Containers

Similar to virtual machines, containers are a form of virtualization that package software and the multiple dependencies required to run that software into a single, distributable environment. That container can then be run on any system that is running the appropriate engine (Docker, Podman, etc.). They are often lighter and more agile than virtual machines but can include increased security risks if not deployed correctly. In general, virtual environments managed using tools like Conda as discussed in ‘Getting started with Conda, Virtual Environments, and Python’ should provide sufficient isolation for most geospatial computing cases without the need to familiarize oneself with container technologies, but containers can be a helpful tool in cases when neither virtual environments or virtual machines are feasible.

For examples on leveraging containers to run highly-customized development environments with Jupyter, RStudio, or VS Code, see Using Containers for Development Environments.

It is important to note that most containers can only run in Linux environments. Each of the container systems listed below include tools and steps for setting up simple, Linux environments from which containers can be ran on either Windows or Mac machines.
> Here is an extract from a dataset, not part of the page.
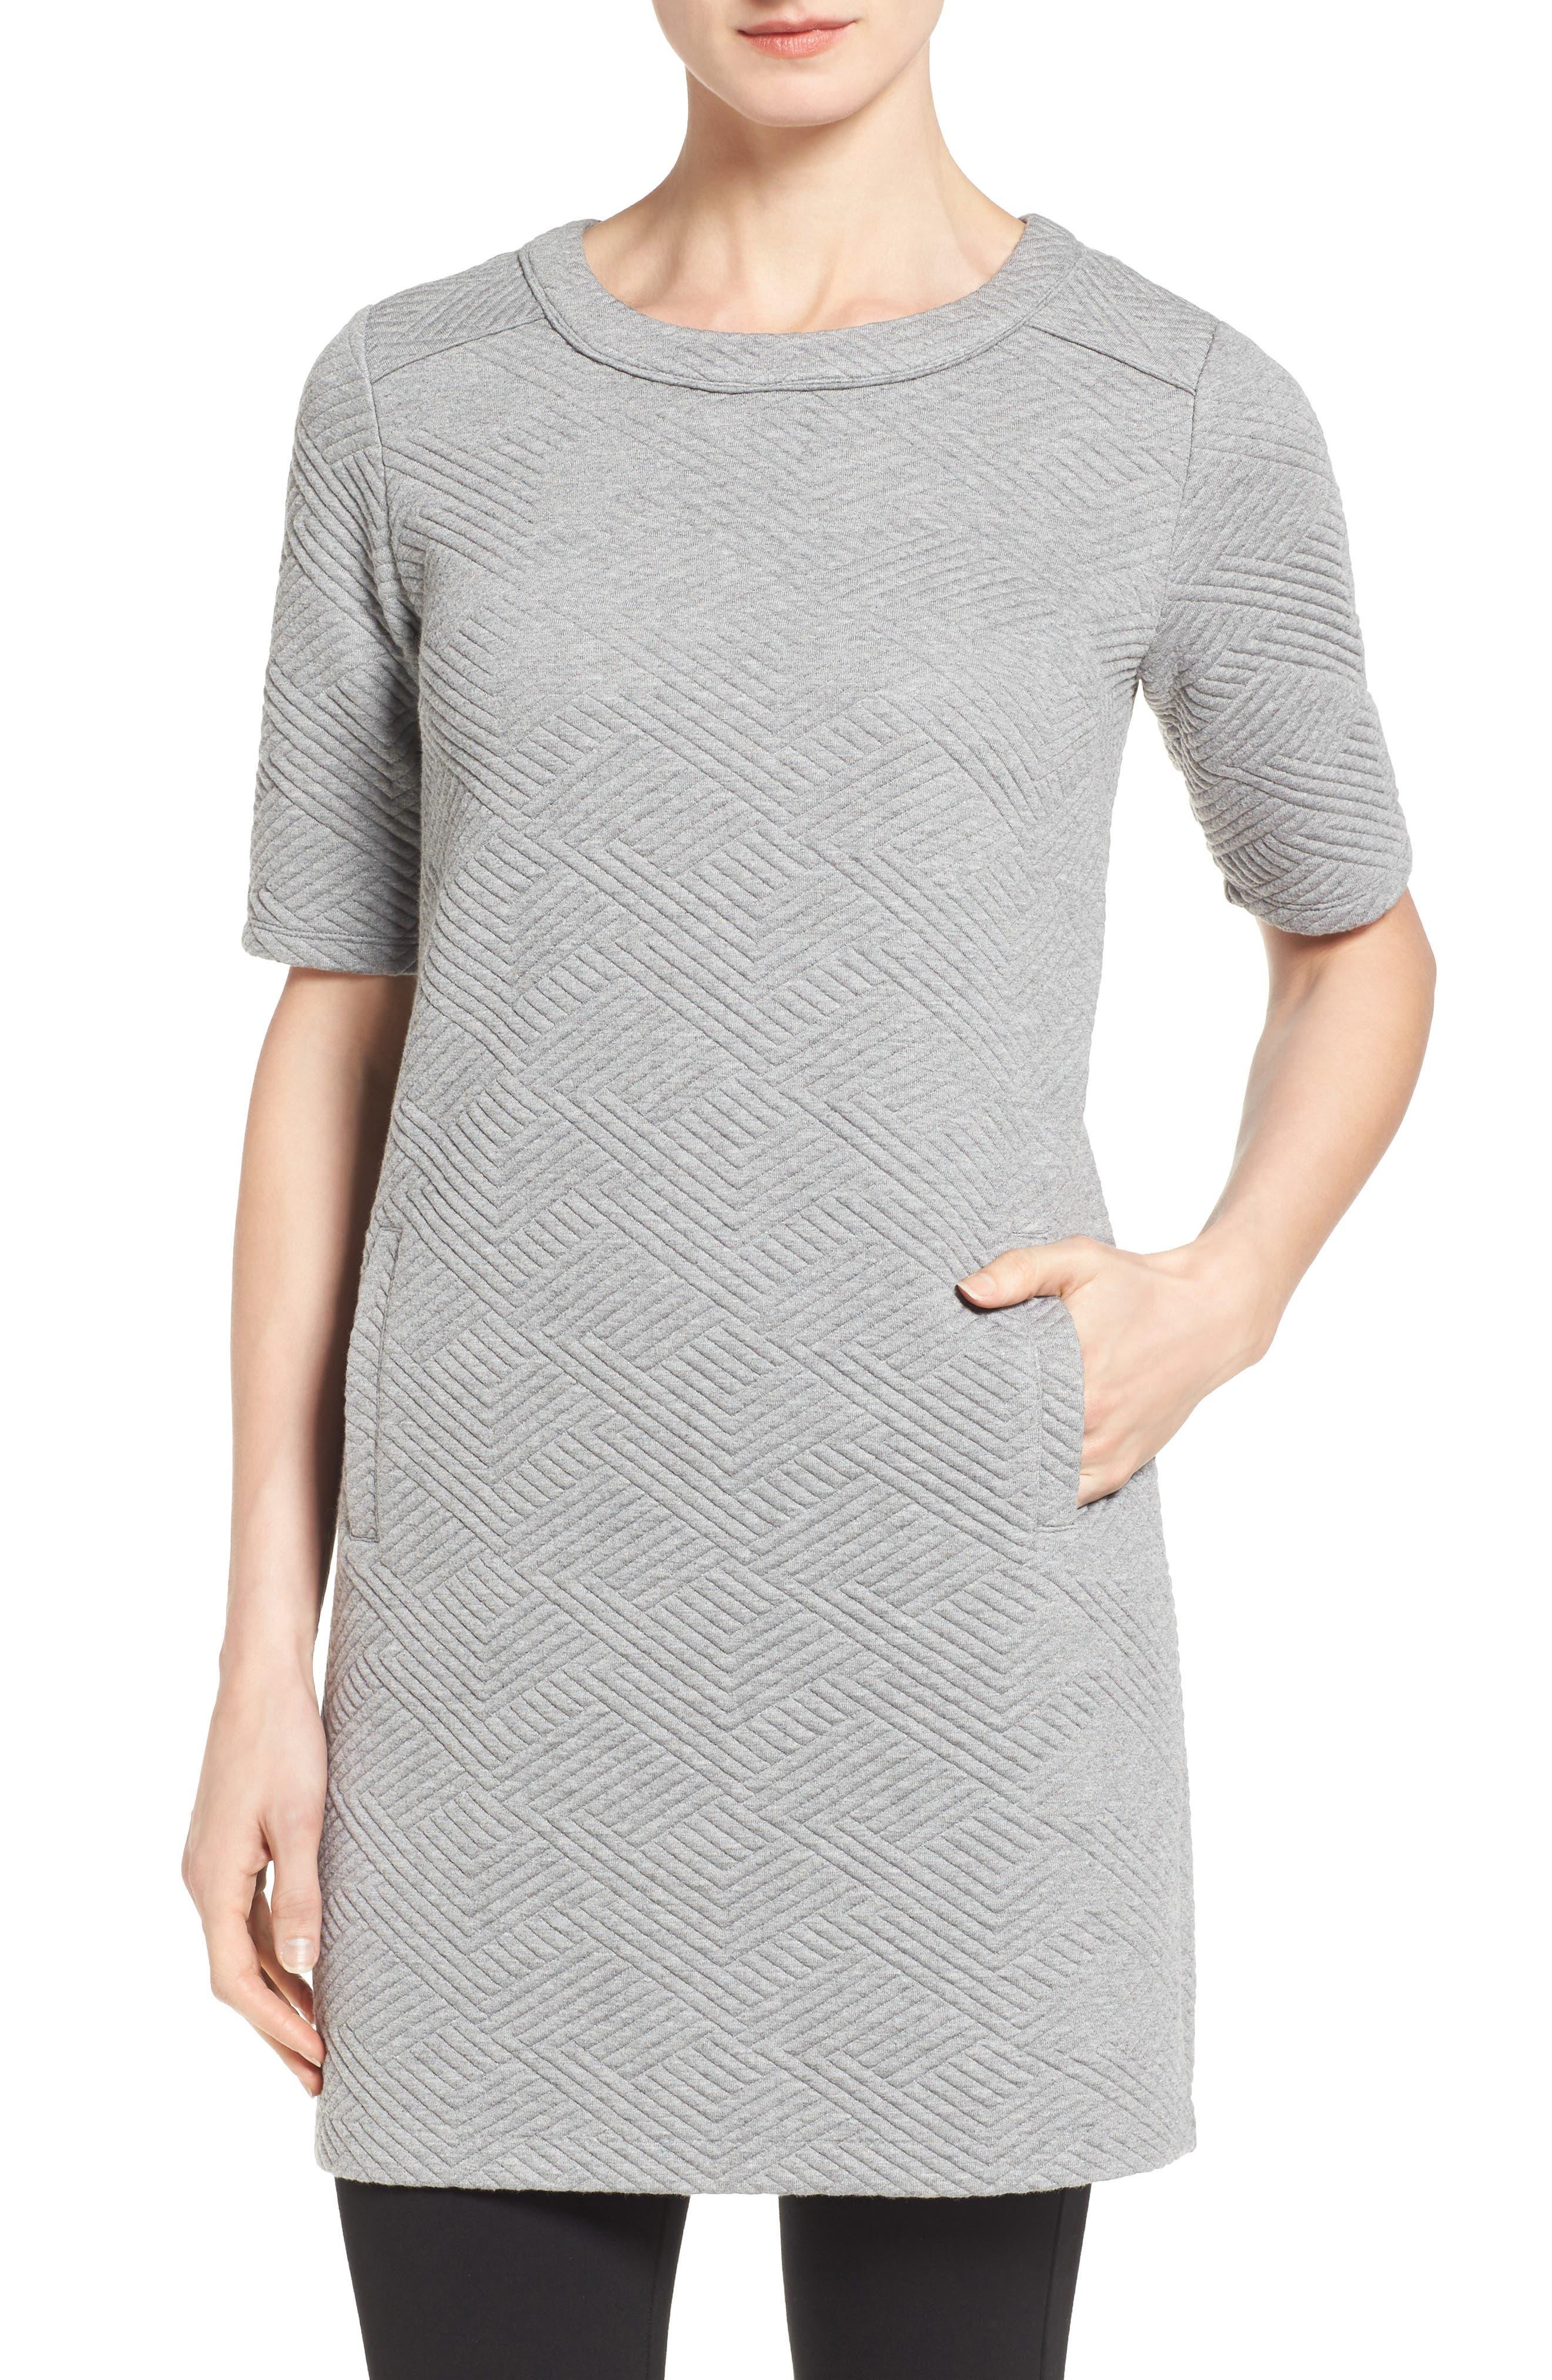 Textured Elbow Sleeve Tunic Dress,                             Main thumbnail 1, color,                             030

Additionally, a large majority of container images are built with a simplified Linux distribution (often Ubuntu) as their base image. While some images have been built with Windows Server as their base image, it is important to note that these images cannot and likely never will run a desktop environment and/or graphical user interface (GUI).

Container Images

There are many open container registries, where you can find publicly shared container images. Docker Hub is one of the most popular options and can be a useful tool when searching for images. In general, you should be careful when selecting images and be sure to select images that are well-maintained. If you need a very minimal environment with Conda/Mamba, Conda-forge’s mambaforge image can be a good place to start as you’ll be able to install packages with APT or Mamba.

Python

  • Jupyter - Minimal Notebook: A Jupyter server running JupyterLab and a Python kernel. No geospatial packages are included in this environment, but it is an excellent base image for creating customized Jupyter environments.

  • GDS_ENV - GDS_PY: Built on top of Jupyter - Minimal Notebook, this image includes a large selection of Python geospatial packages.

R

  • Jupyter - R Notebook: Similarly built from Jupyter - Minimal Notebook, this image includes an R kernel and a few R packages. Custom R environments with a preference towards JupyterLab should use this as their base image.

  • GDS_ENV - GDS: Built on top of GDS_ENV - GDS_PY, this image includes an R kernel and a wide selection of R geospatial packages.

  • Rocker - Geospatial: Swapping JupyterLab for RStudio, this container image includes a range of R packages with a heavy focus on geospatial research.

Others

Engines

Apptainer (formerly Singularity)

Developed specifically for academic and high performance computing, Apptainer avoids some of the security pitfalls of other engines, like Docker, at the expense of certain functionalities. Apptainer can only run a specific container format, but it provides all the necessary tools to complete conversions.

For a few simple examples on using and running Apptainer, see High Performance Computing (HPC).

Podman

Similar to Apptainer, Podman avoids some of the security pitfalls found in Docker, but unlike Apptainer, Podman provides a more general-purpose container engine. When developing containers, Podman can provide a more flexible and feature-rich set of tooling compared to Apptainer. A common workflow may include building containers with Podman and then converting them to Apptainer containers prior to running in an HPC environment.

Docker

Docker is by far the most popular container system, so similar to Podman, it can provide a helpful tool for developing and running containers on your local machine. If you are still new to managing and running containers, Docker can be a good system to get started with because of the large collection of resources and tools that have been built around it.